START Data shown
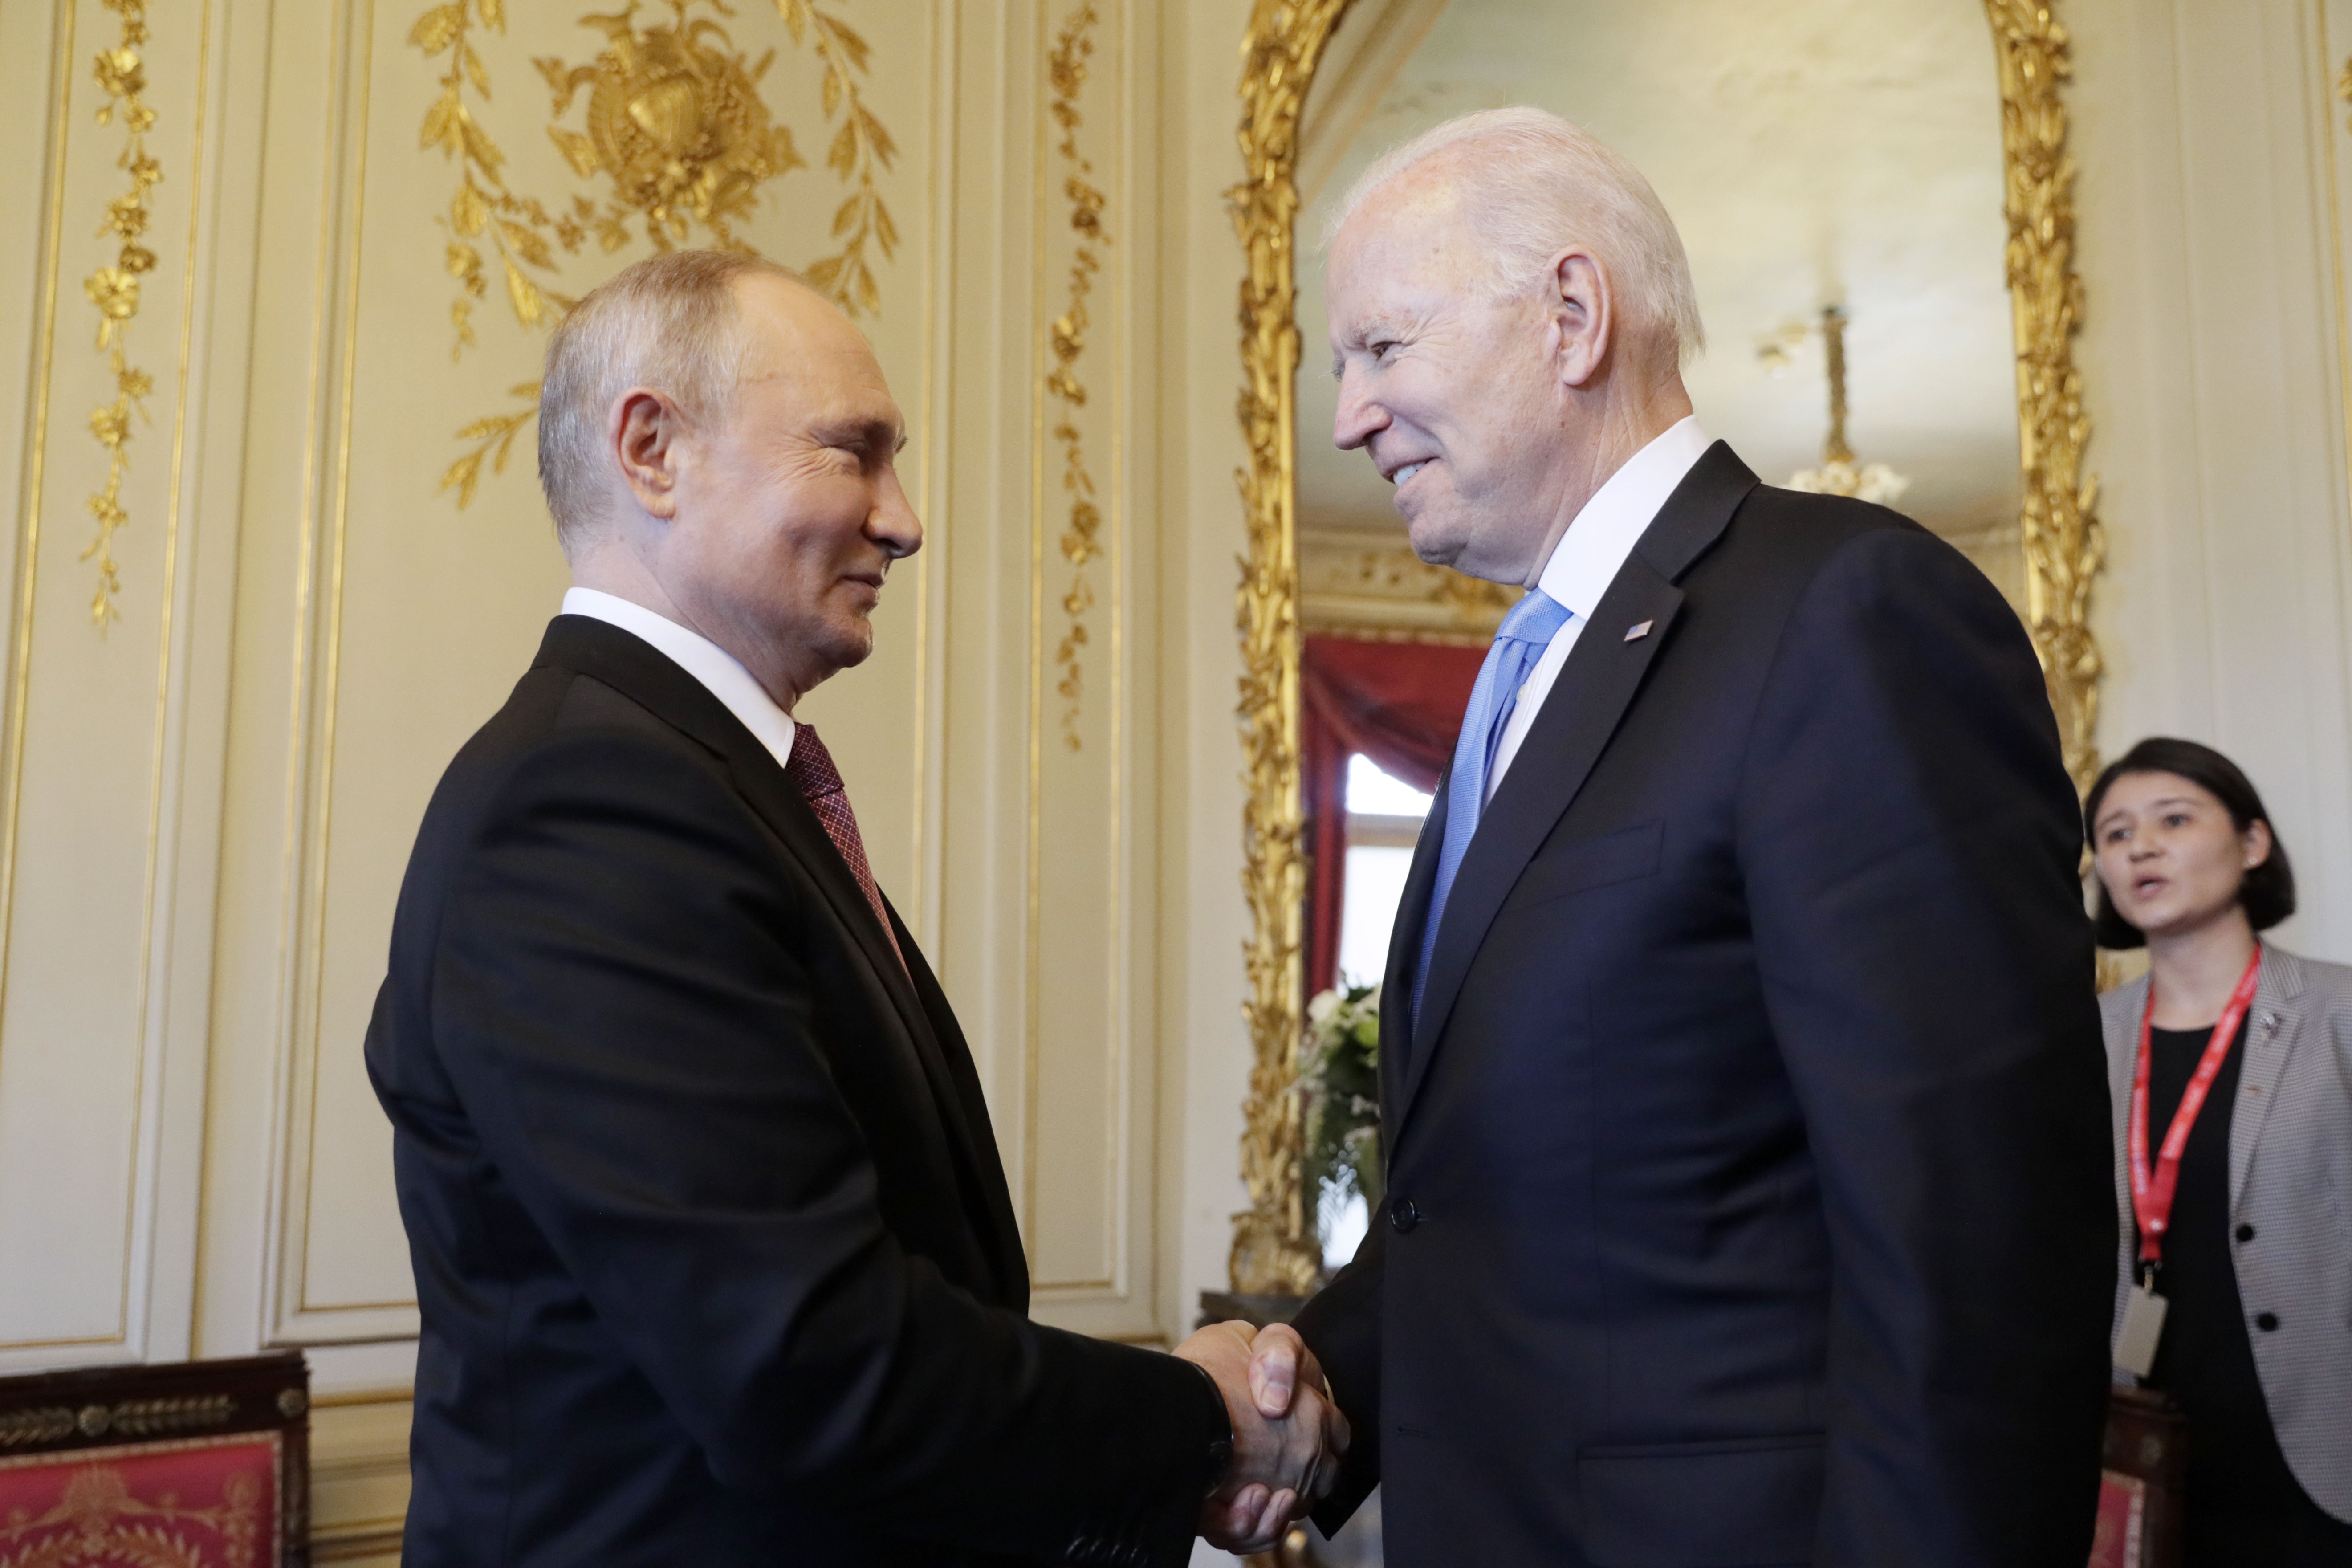 Putin and Biden shake hands
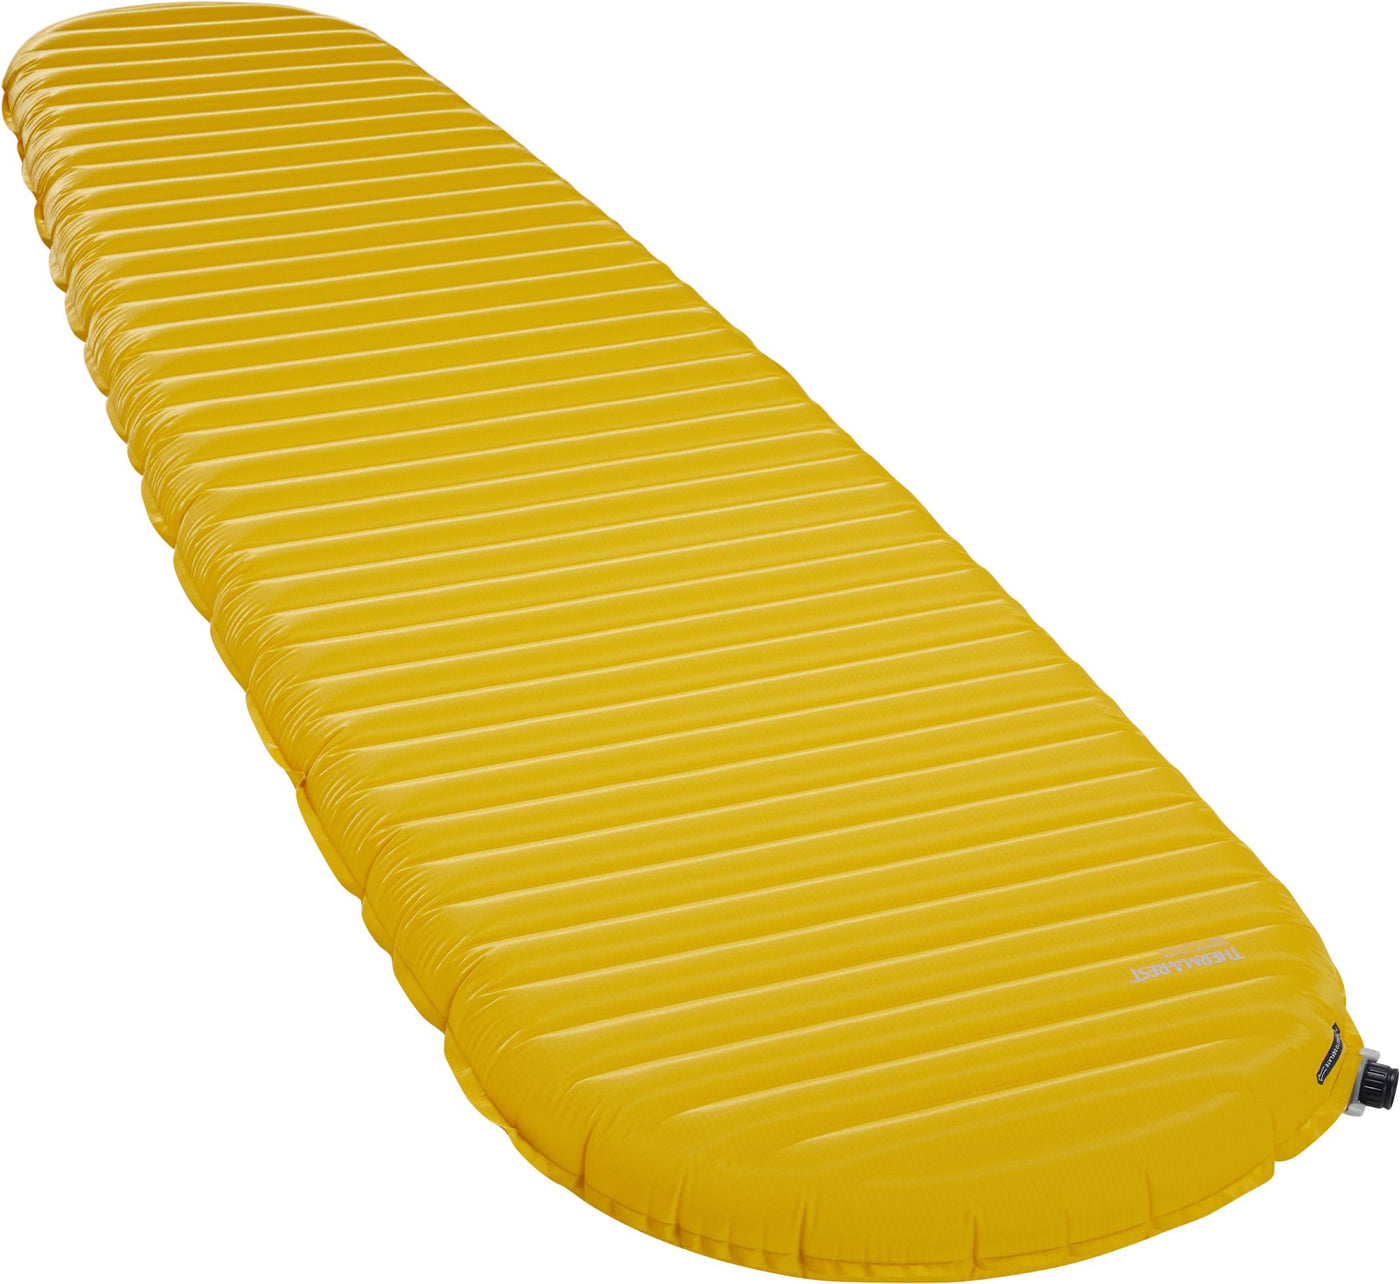 NeoAir® XLite™ NXT Sleeping Pad
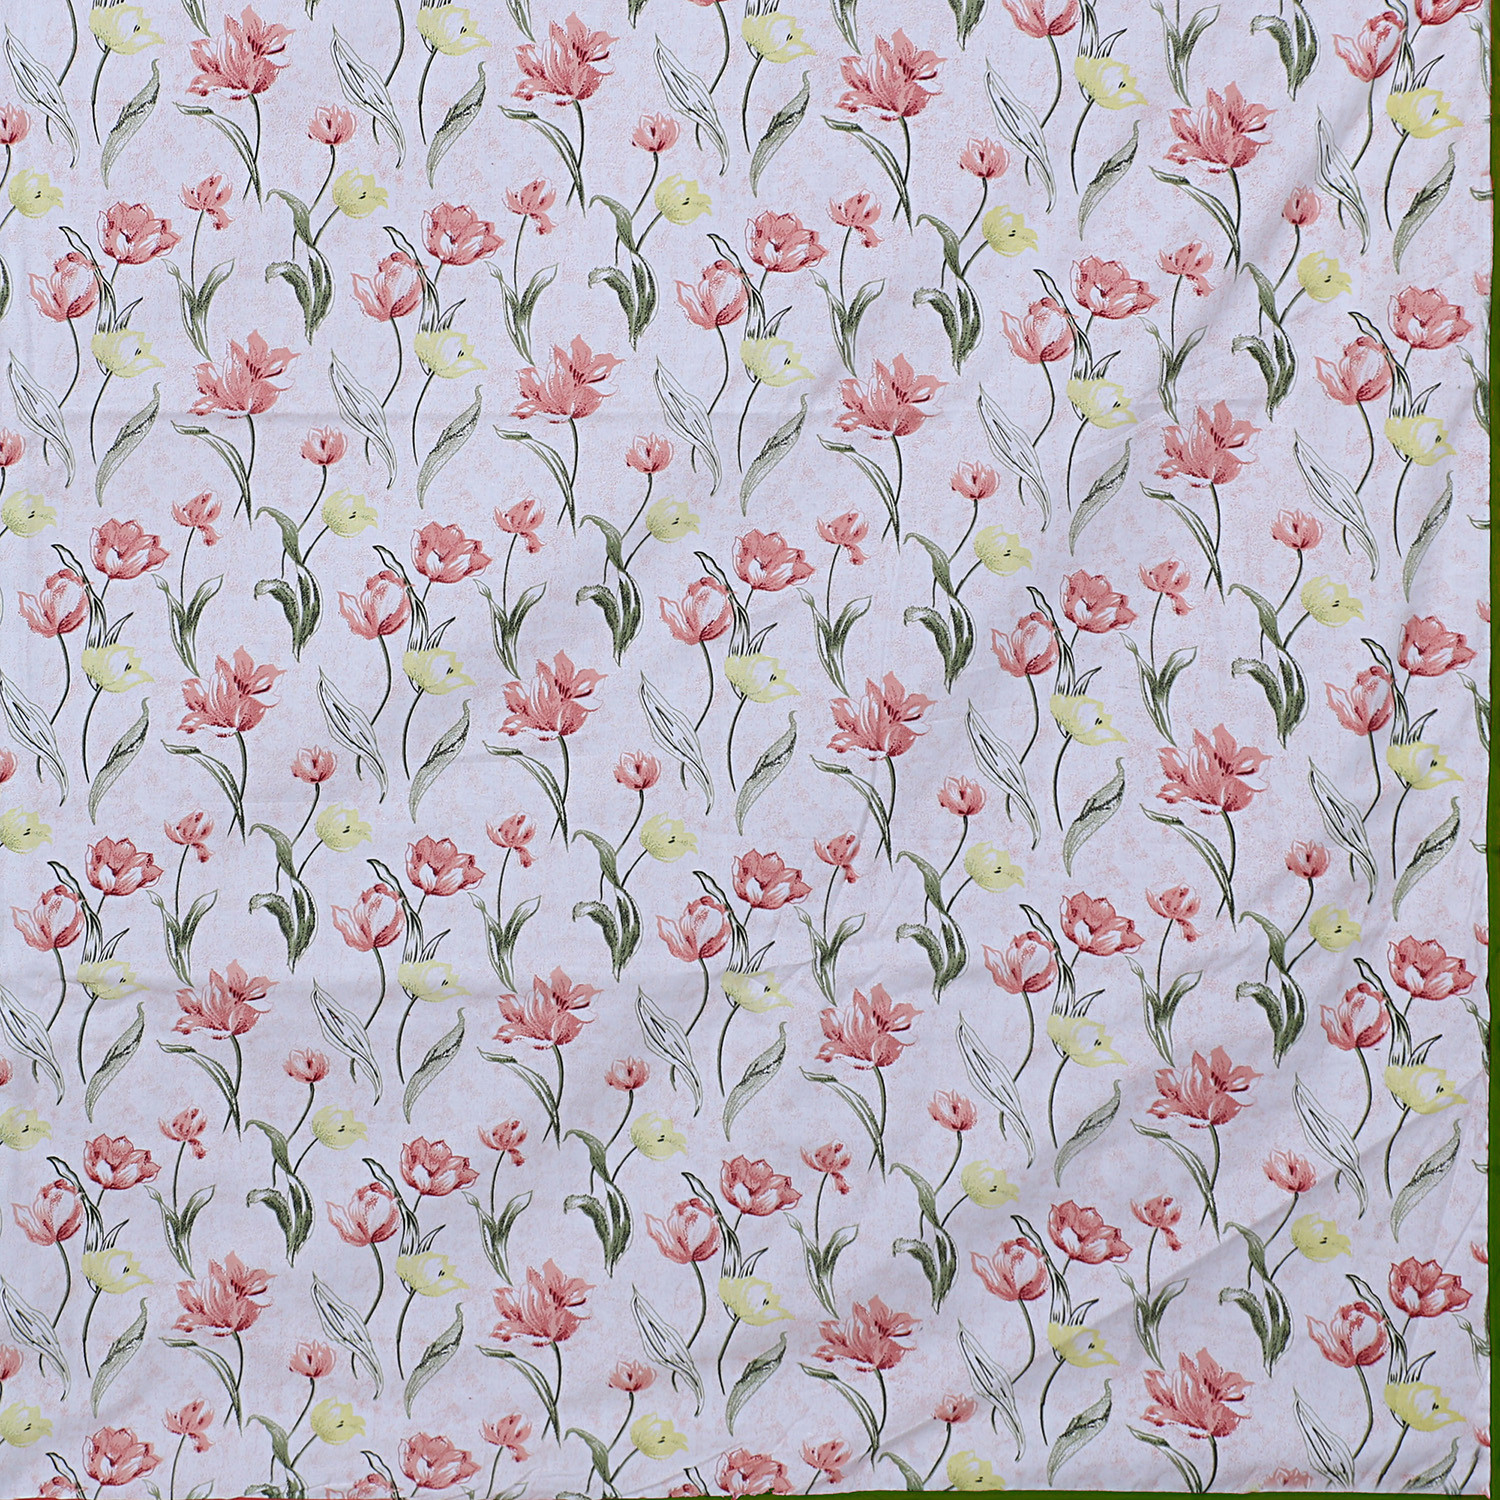 Kuber Industries Cotton Soft Lightweight Floral Design Reversible Single Bed Dohar|Blanket|AC Quilt for Home & Travel (Light Pink)
END Data shown
Since the pictures are not wanted, write out the rest of the data exactly as it reads.

Solution for this exercise |
 Putin and Biden shake hands
 NeoAir® XLite™ NXT Sleeping Pad
 Kuber Industries Cotton Soft Lightweight Floral Design Reversible Single Bed Dohar|Blanket|AC Quilt for Home & Travel (Light Pink)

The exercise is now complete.